The current account deficit has narrowed in 2019-2020. The trade deficit (20% of GDP) improved due to the fall in imports, notably because of depreciation of the rupee (-4.8% against the dollar). However, exports (mainly textiles, but also rice, sugar and alcohol) were unable to benefit from this depreciation, and workers' remittances remained the main means of financing the trade deficit as FDI flows remained low (0.5% of GDP). In 2020-2021, the current account deficit is projected to increase slightly, due to increased imports, especially of oil products, while exports will recover in line with the demand for non-essential goods in partner countries. Strong expatriate remittances and the suspension of interest payments on bilateral debt under the G20 Initiative will ease the burden.
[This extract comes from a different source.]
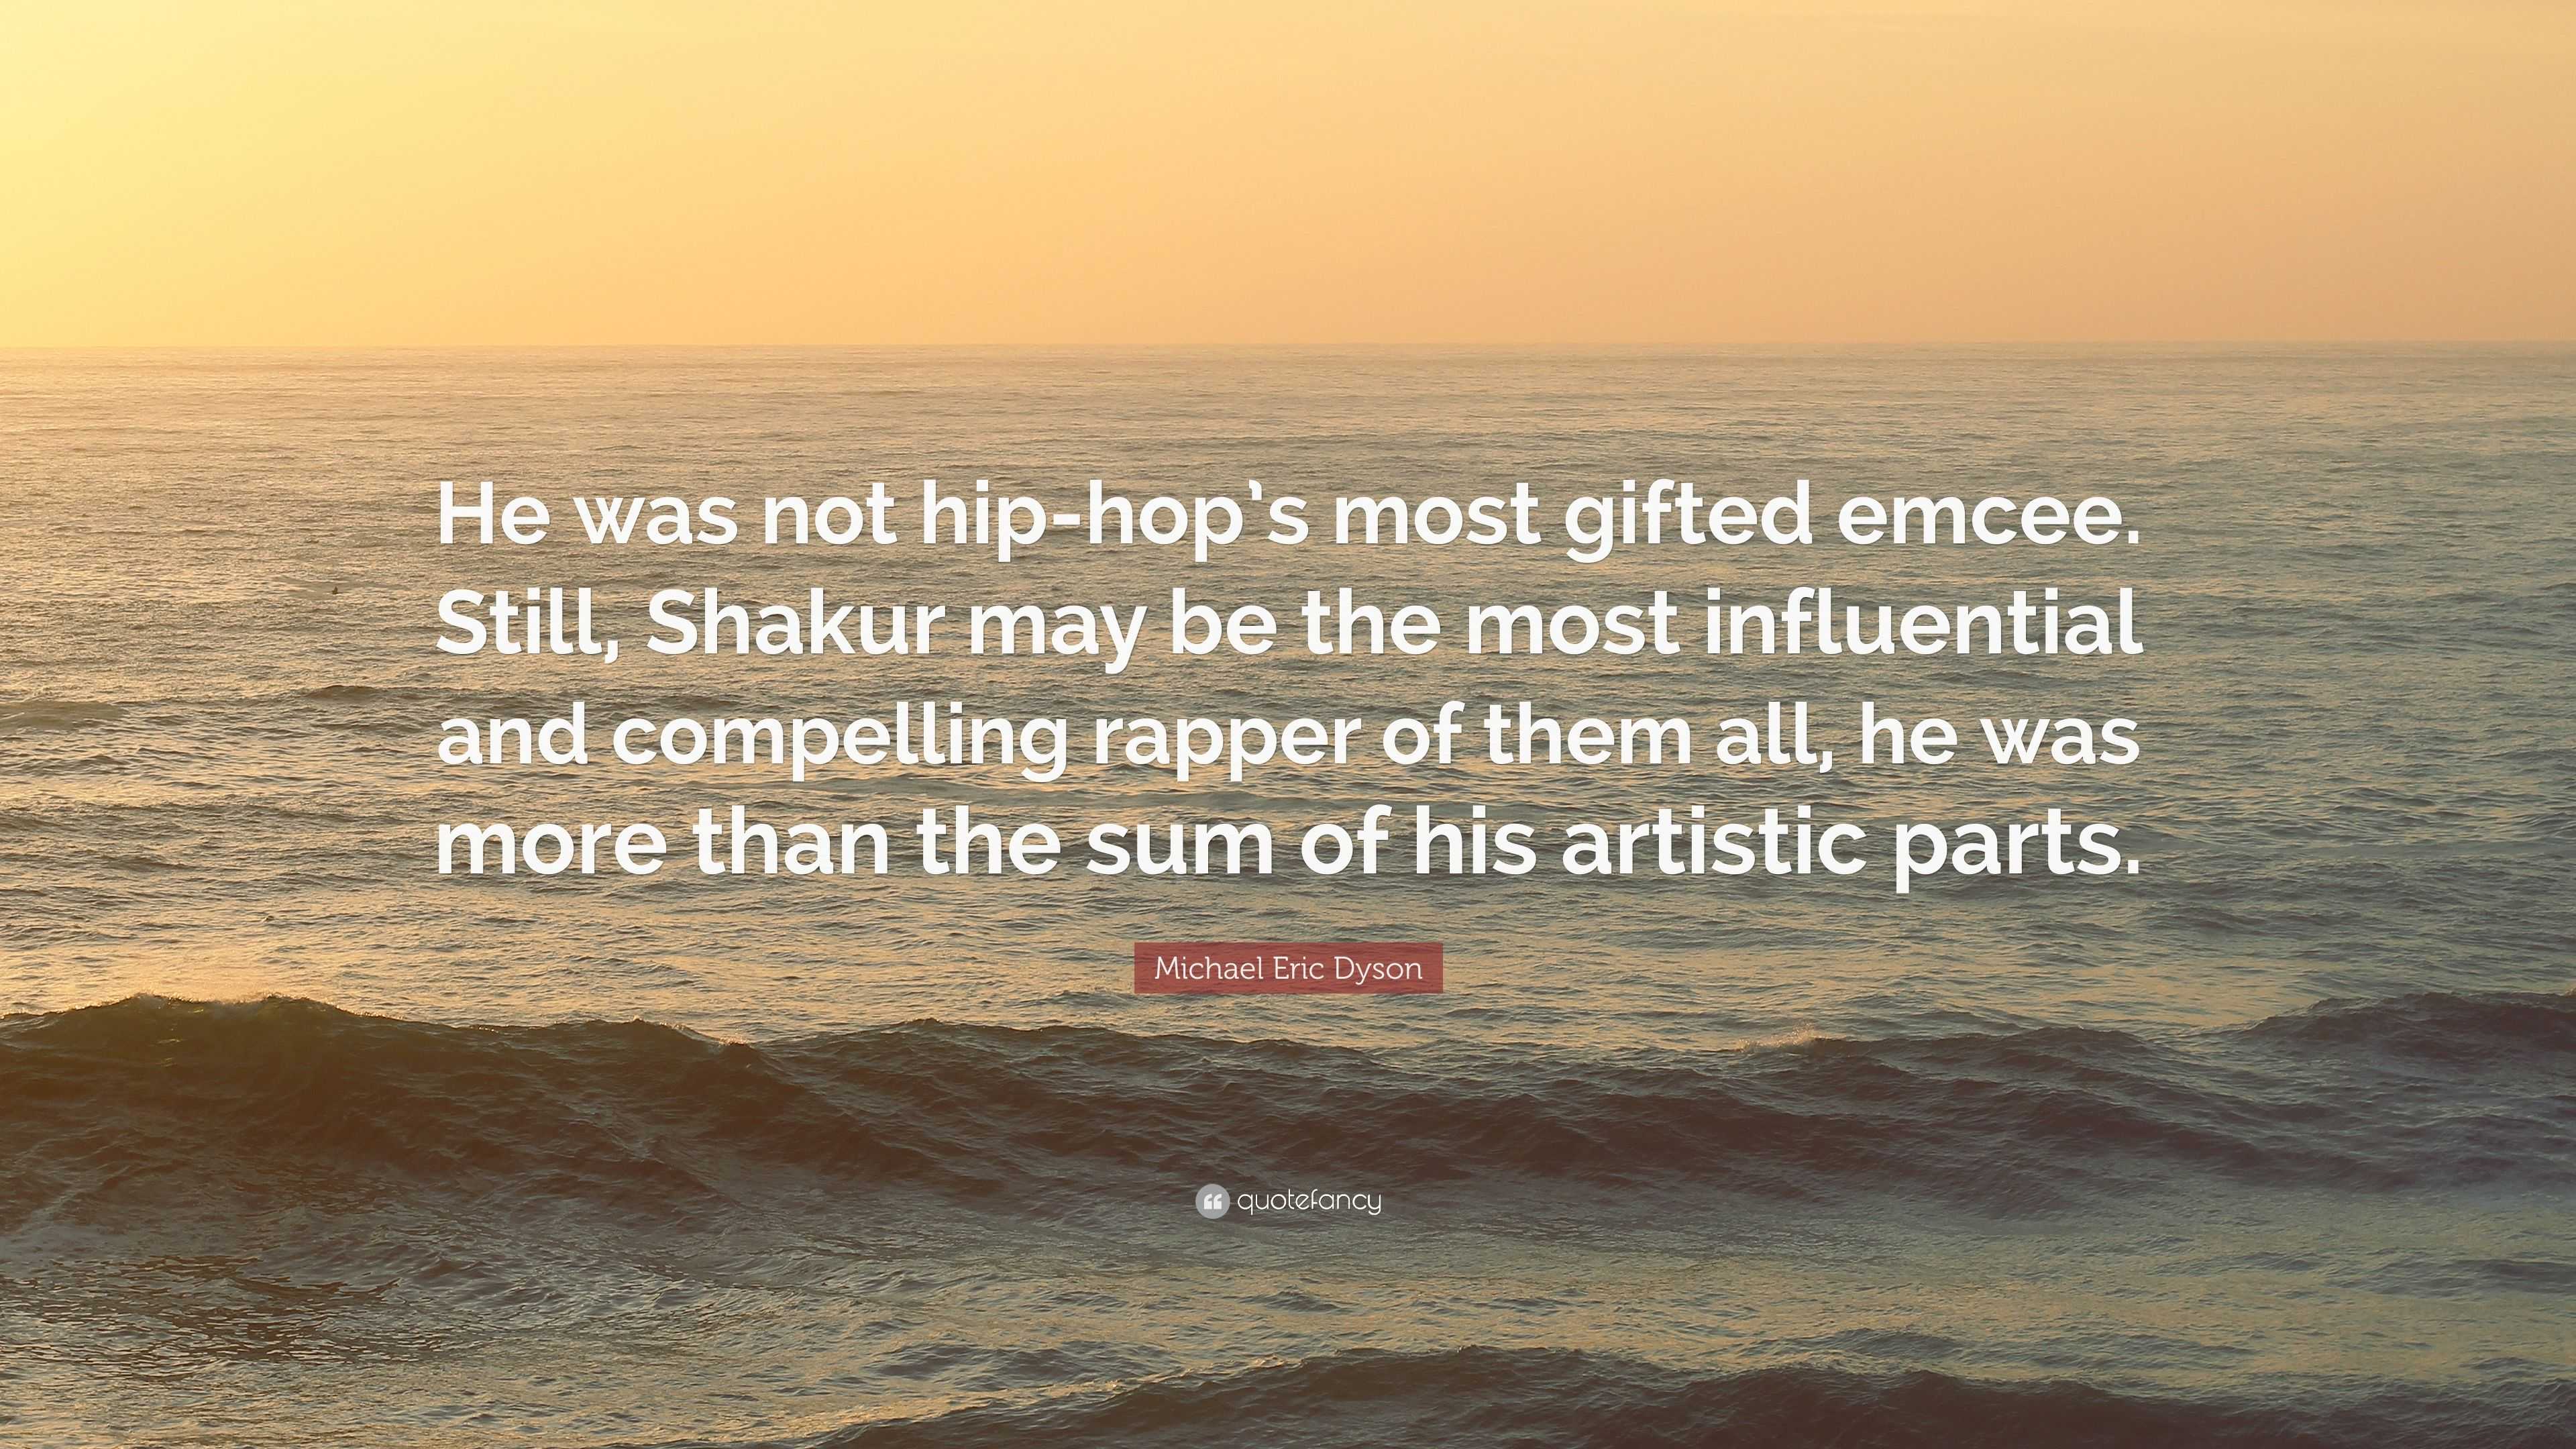 Michael Eric Dyson Quote: “He was not hip-hop’s most gifted emcee ...

Exchange rate flexibility, as called for by the IMF, should in future prevent the external accounts from diverging from their balance. Thanks to the improvement in the current account balance, foreign exchange reserves have increased, covering three months of imports at the end of 2020. These would not be sufficient to cover the external financing requirement (USD 30 billion in 2020-21) including the amortization of the external debt (100% of GDP) and the current account deficit. In addition to recourse to the market, the country has secured official external financial support, first bilaterally (China, Saudi Arabia and the United Arab Emirates) and then multilaterally, which has been increasing since the crisis. Disbursements under the IMF's Extended Fund Facility could resume in 2021.
Internal and external tension, but support
Eleven opposition parties, united since September 2020 in the Pakistan Democratic Movement (PDM), are calling for the resignation of Prime Minister Imran Khan, brought to power thanks to the victory of his Pakistan Tehreek-e-Insaf party in 2018, in elections rigged by the army according to them. For the Prime Minister, the main opposition parties are trying to light a fire, while their leaders are weakened by unfavorable court rulings in corruption cases. Members of the MDP have threatened to resign massively from the National Assembly as part of their campaign to delegitimize the current administration. The military, a political player, may be called upon to arbitrate.
On the foreign front, tensions with India over Kashmir have rekindled after the lifting of autonomy for the Indian part of the region. The stormy relationship with the United States will remain important and be focused on military cooperation. Pakistan has used its influence on the Afghan Taliban to negotiate and sign an agreement with the U.S. in February 2020, which will also bring it closer to Afghanistan. China will remain its main economic partner under the CPEC and their trade agreement.